The Itanium contains four pipelined FMAC units (Floating-point Multiply Add Calculator). The primary two are each capable of processing two single-precision, two double precision, or two double-extended-precision floating-point operations per clock. That yields up to 3.2GFLOPS of highly precise floating point processing.
There are an additional two FMACs tuned for 3D applications. They are each capable of processing up to two single-precision floating-point operations per clock. That yields another 3.2GFLOPS of single-precision processing power. All together, the Itanium has a theoretical max of 6.4GLOPS of single-precision floating point processing power.
There are four pipelined ALUs (Arithmetic Logic Unit) in the original Itanium. Each can process one integer calculation per cycle. They can also process MMX type instructions. While the Itanium has the potential to be a massive floating-point powerhouse, its integer performance also has tremendous potential.
The Itanium will come with 128 floating point and 128 integer registers. When processing up to 20 operations in a single clock, the registers give plenty of room for data inside the processor. This reduces the chances of the execution of an instruction being delayed because data could not be held locally.

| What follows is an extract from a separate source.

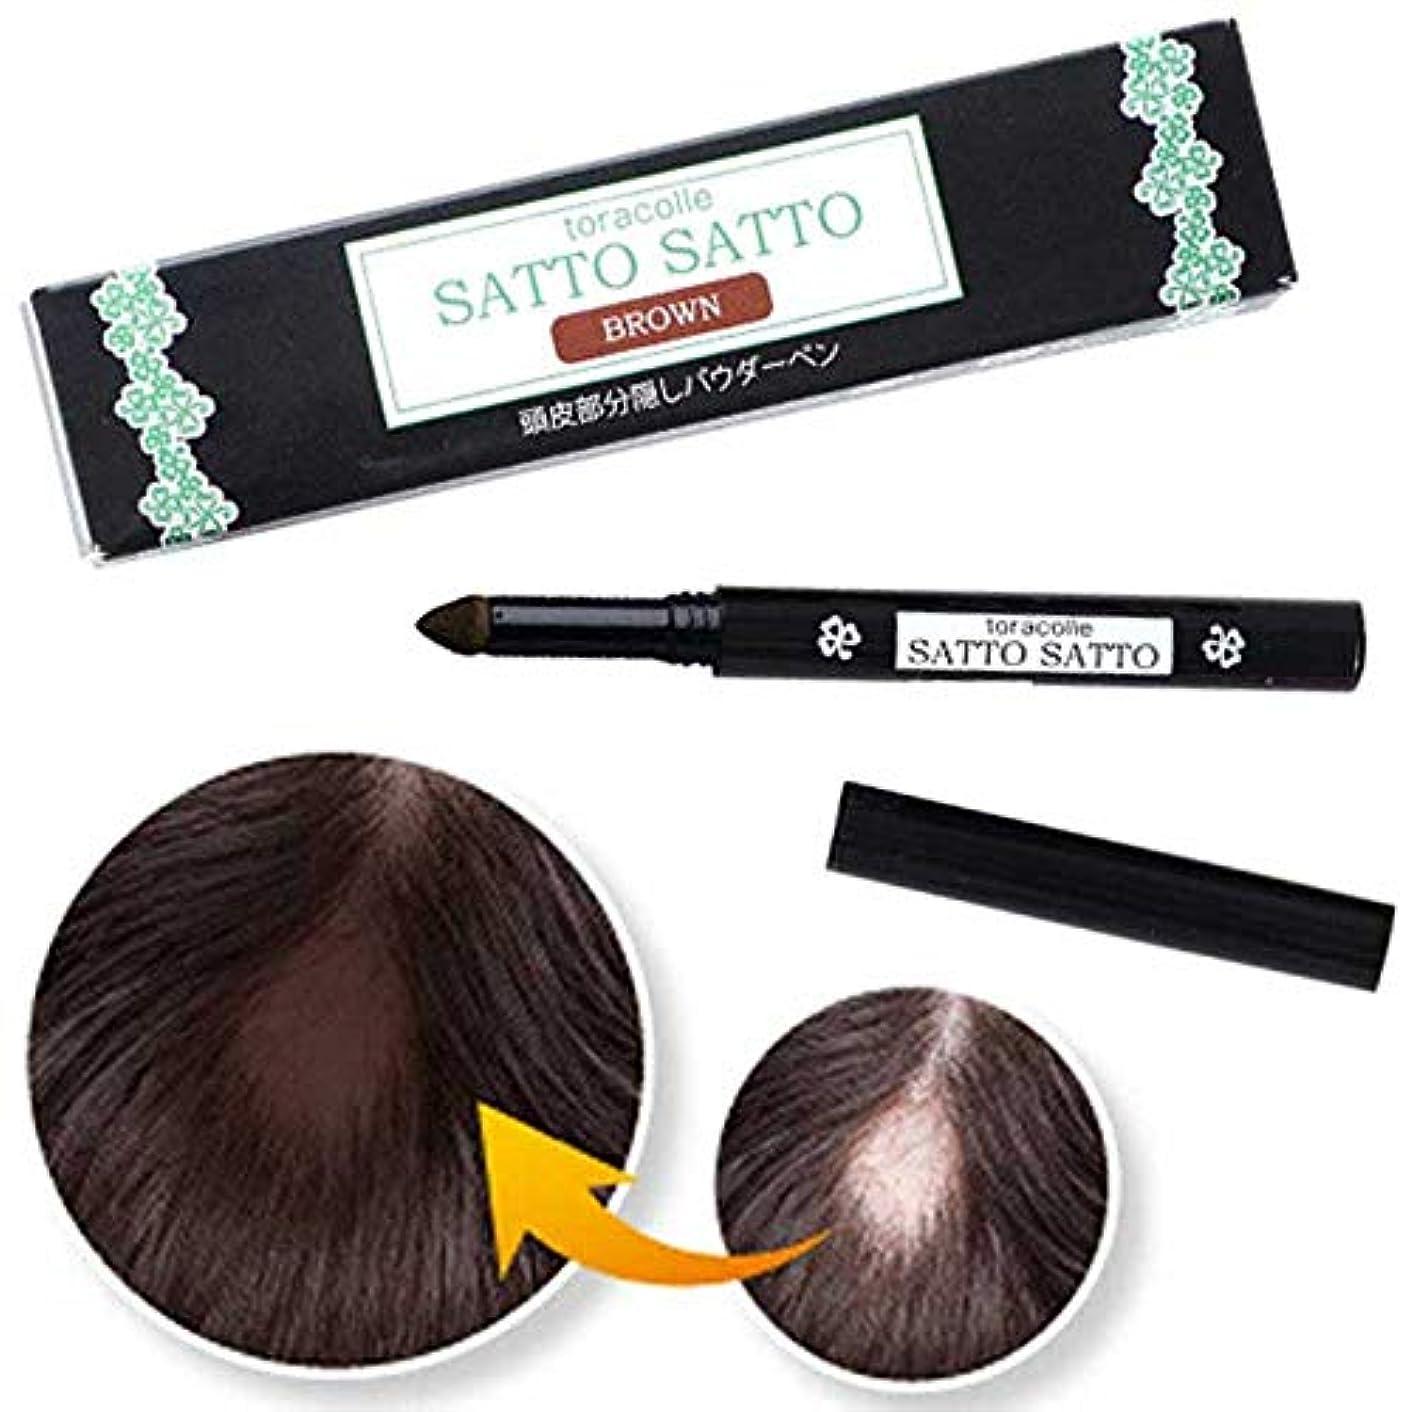 伝導率排除するレクリエーション頭皮部分隠しパウダーペン サットサット 薄毛?円形脱毛症隠し (ブラウン)

This is especially important since the Itanium can process up to eight floating-point operations in a single clock. With the possibility of eight operations running in a single clock, having too few registers could be a serious bottleneck.
The registers also have the ability to rotate. Rotating registers allows the processor to perform an operation on multiple software accessible registers in turn. This increases CPU pipeline utilization and efficiency when dealing with streams of data to process.